Le Devoir annonçait mercredi la création prochaine d'un nouveau groupe féministe, Pour les droits des femmes (PDF). PDF souhaite faire entendre un autre point de vue que celui de la Fédération des femmes du Québec, notamment au sujet de l'interdiction de porter des signes religieux que le gouvernement Marois veut imposer aux employés du secteur public.

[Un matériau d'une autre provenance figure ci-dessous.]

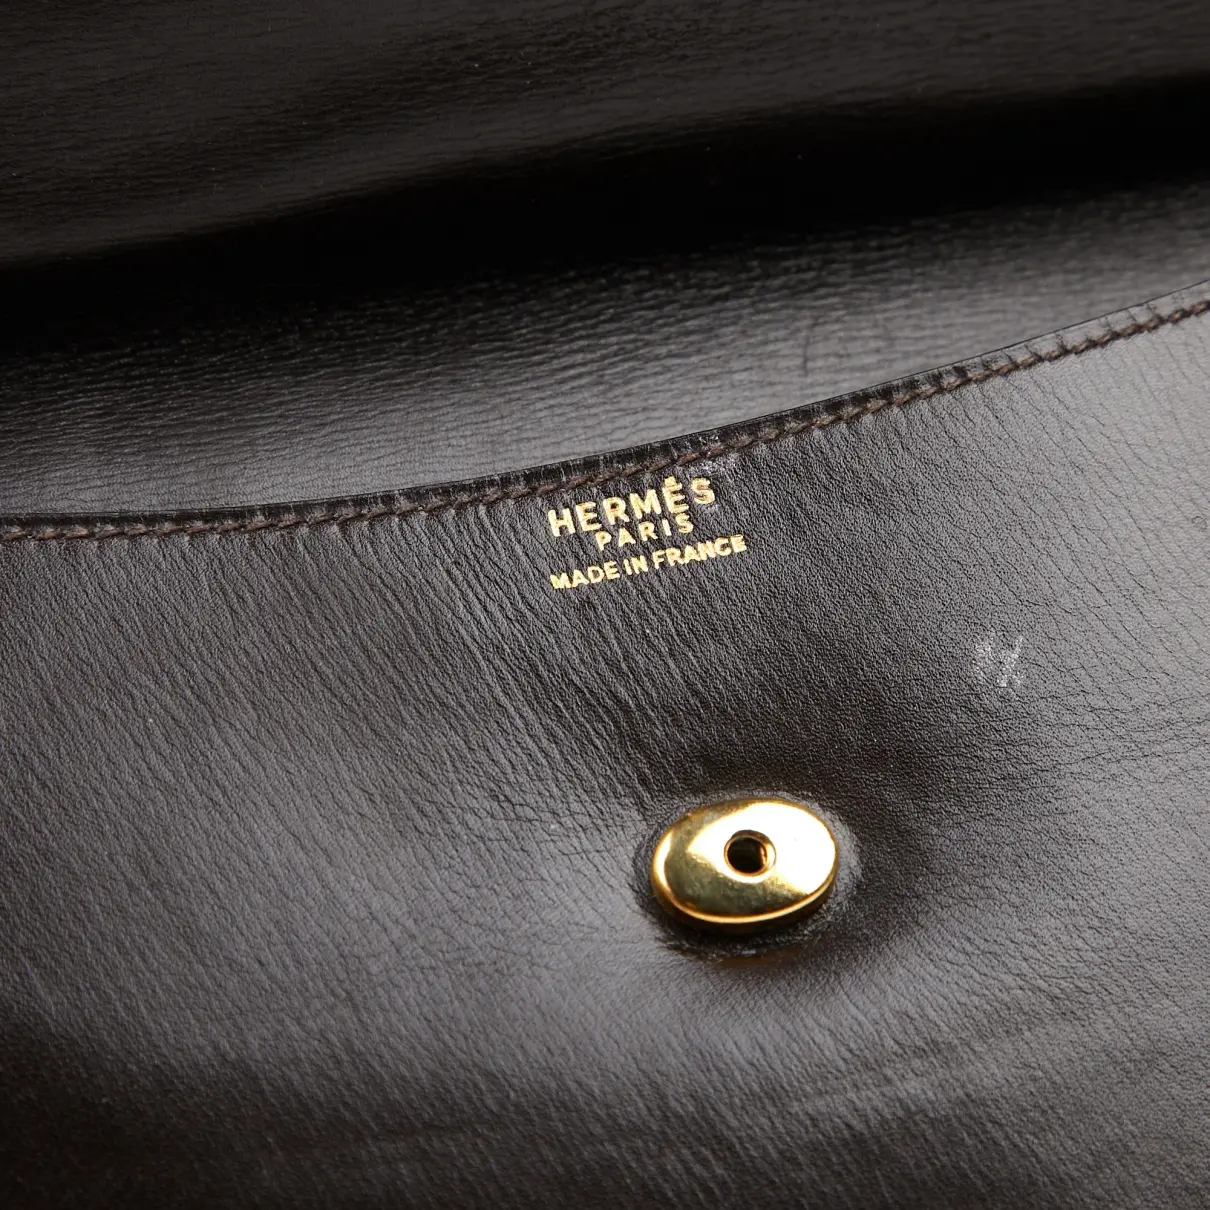 Rio leather clutch bag Hermès

La Fédération s'oppose à cette partie du projet de «charte des valeurs québécoises»: «L'interdiction de porter le foulard dans la fonction publique et les services publics aurait pour effet de mettre des femmes devant un dilemme insoluble, soit: renoncer à un symbole de leur croyance ou de leur identité auquel elles sont attachées pour des raisons qui leur appartiennent, ou perdre leur emploi.»

Pour sa part, le groupe dissident est convaincu que le foulard symbolise l'infériorité de la femme, même lorsque celle qui le porte affirme le faire sans contrainte. «C'est toute l'idée de la femme impure, provocatrice, a dit au Devoir une des fondatrices de la nouvelle organisation. On est encore dans les vieux schémas: la vierge et la putain. Celle qui est bien cache ses cheveux, les autres sont des putains.»

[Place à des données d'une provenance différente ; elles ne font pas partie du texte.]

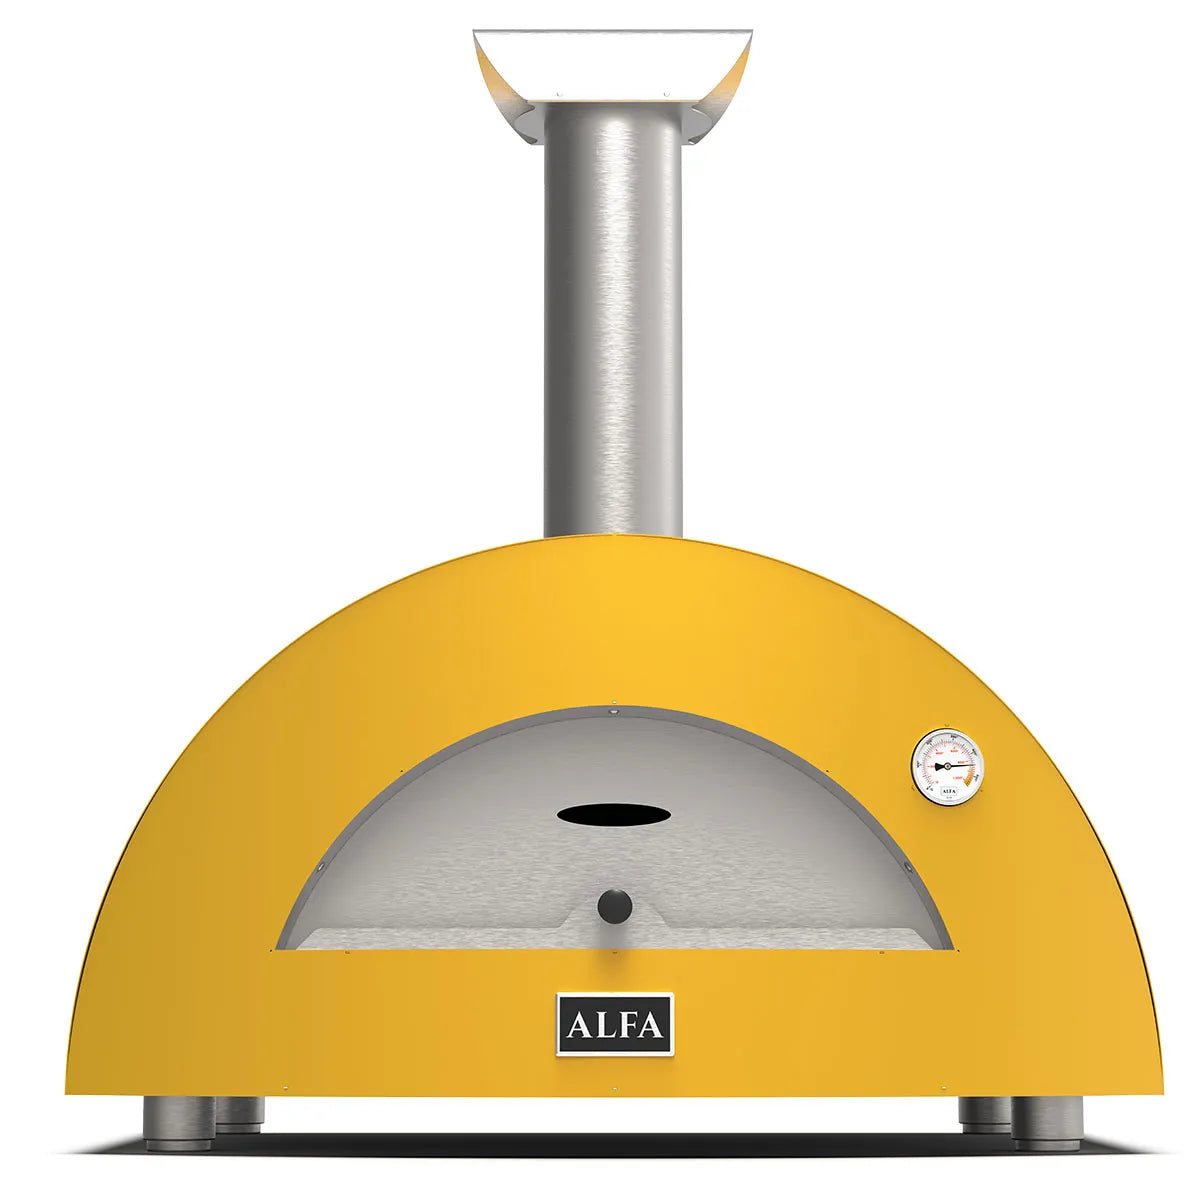 Alfa Moderno 3 Pizze Oven-Yellow

Cette approche est paradoxale. Les femmes ont mis des années pour gagner le droit de se vêtir comme elles le veulent. Et voici que des féministes veulent imposer un code vestimentaire aux femmes oeuvrant dans le secteur public? Il est consternant de les entendre balayer du revers de la main le fait que dans un grand nombre de cas, le choix de porter le foulard a été fait librement. Comme si le discours féministe pouvait imposer des limites à la liberté des femmes. On voit là le risque qu'il y aurait à placer l'égalité des sexes au-dessus des autres droits fondamentaux, dont la liberté d'expression.

Quant à celles qui seraient forcées par leur conjoint ou leur famille à porter le voile, la suppression des signes religieux dans la fonction publique ne leur sera d'aucun secours, comme le souligne Béatrice Vaugrante, directrice générale d'Amnistie internationale Canada francophone: «Pour les personnes, et en particulier les femmes, qui subiraient une coercition pour porter un signe religieux, leur interdire de le porter ne corrige pas la situation: ceux qui exercent la coercition restent impunis, et celles qui la subissent sont punies plusieurs fois: perte d'emploi et donc atteinte au droit au travail, risque d'isolement et de stigmatisation.»

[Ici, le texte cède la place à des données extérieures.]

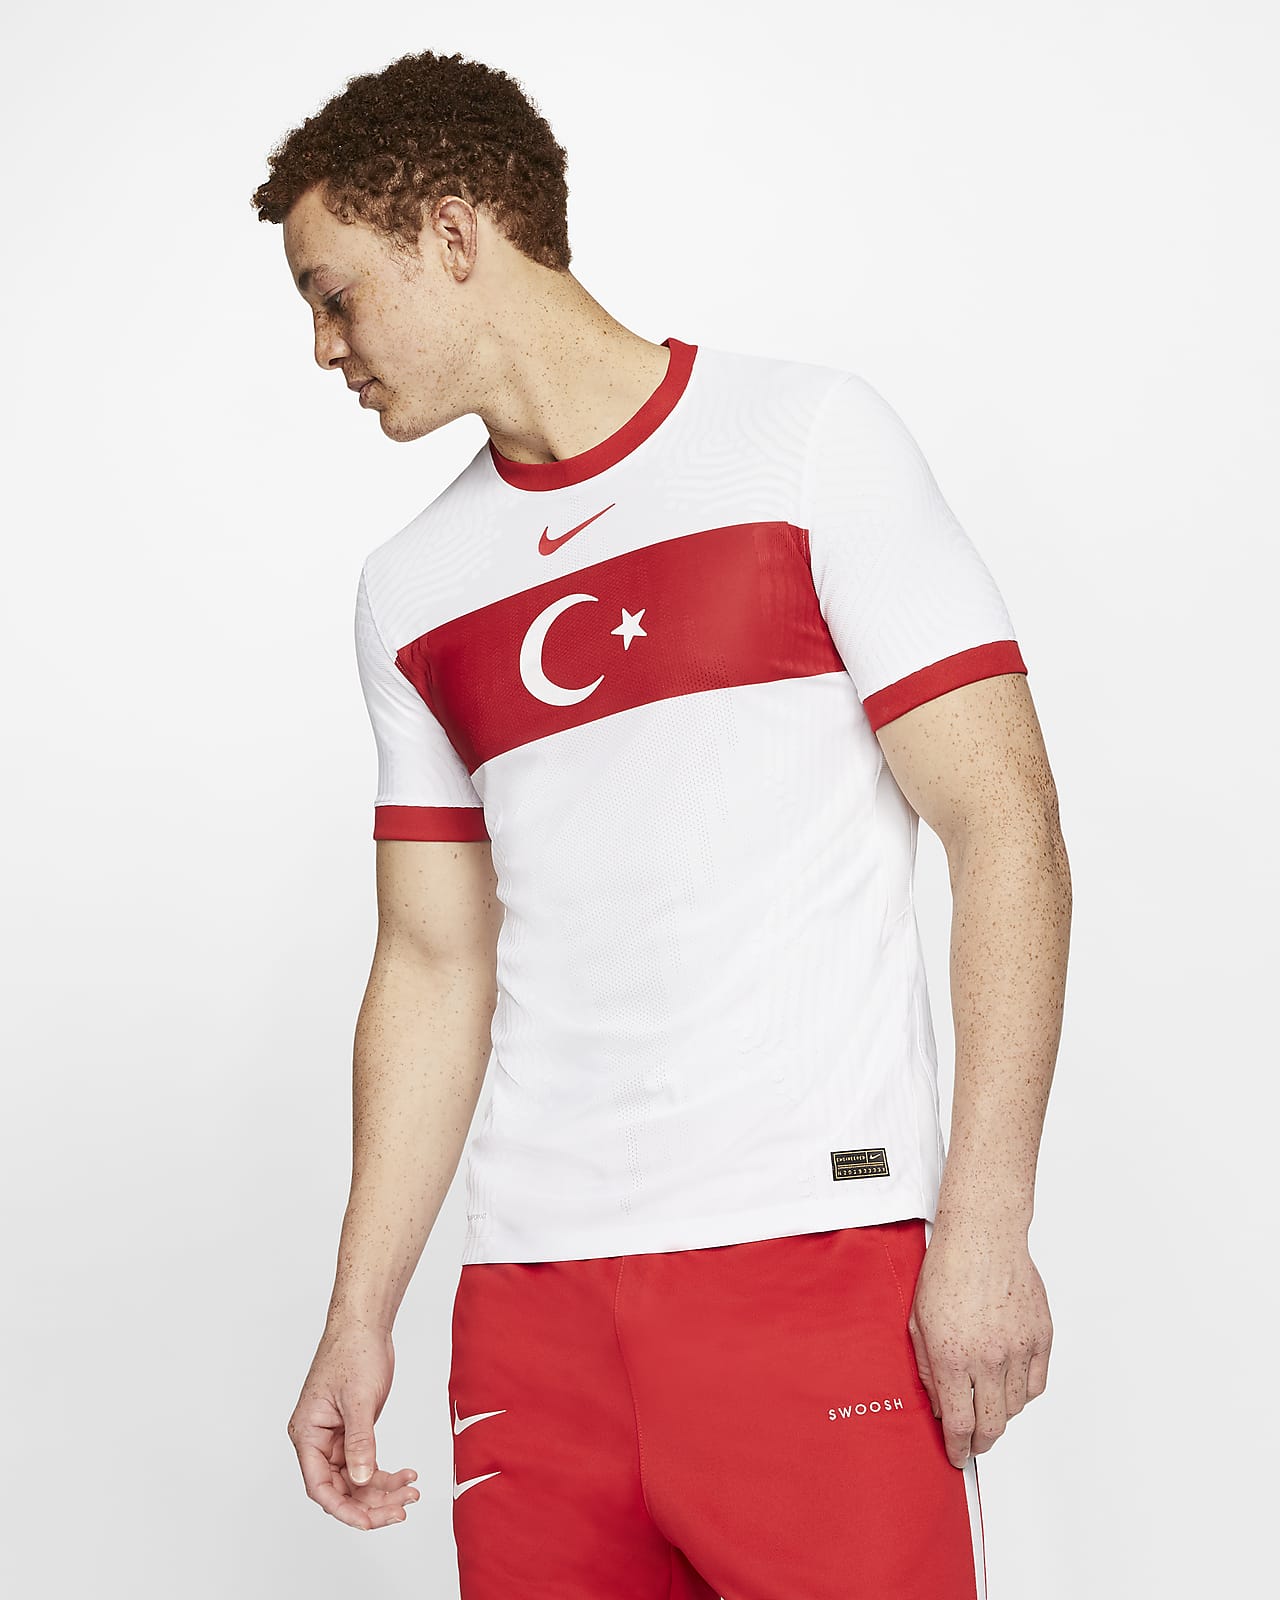 Nike Turkey футболка. Nike в Турции. Maison Nike turkiye. Джерси Турция. Найк турция сайт

Les féministes s'inquiètent depuis plusieurs années de l'hypersexualisation des filles, s'exprimant par exemple dans leur façon «provocante» de s'habiller. Voici que certaines d'entre elles dénoncent l'habillement trop conservateur des musulmanes. On comprend qu'à leurs yeux, il n'y a qu'une façon d'être une femme libre: la leur. Cela s'appelle du paternalisme.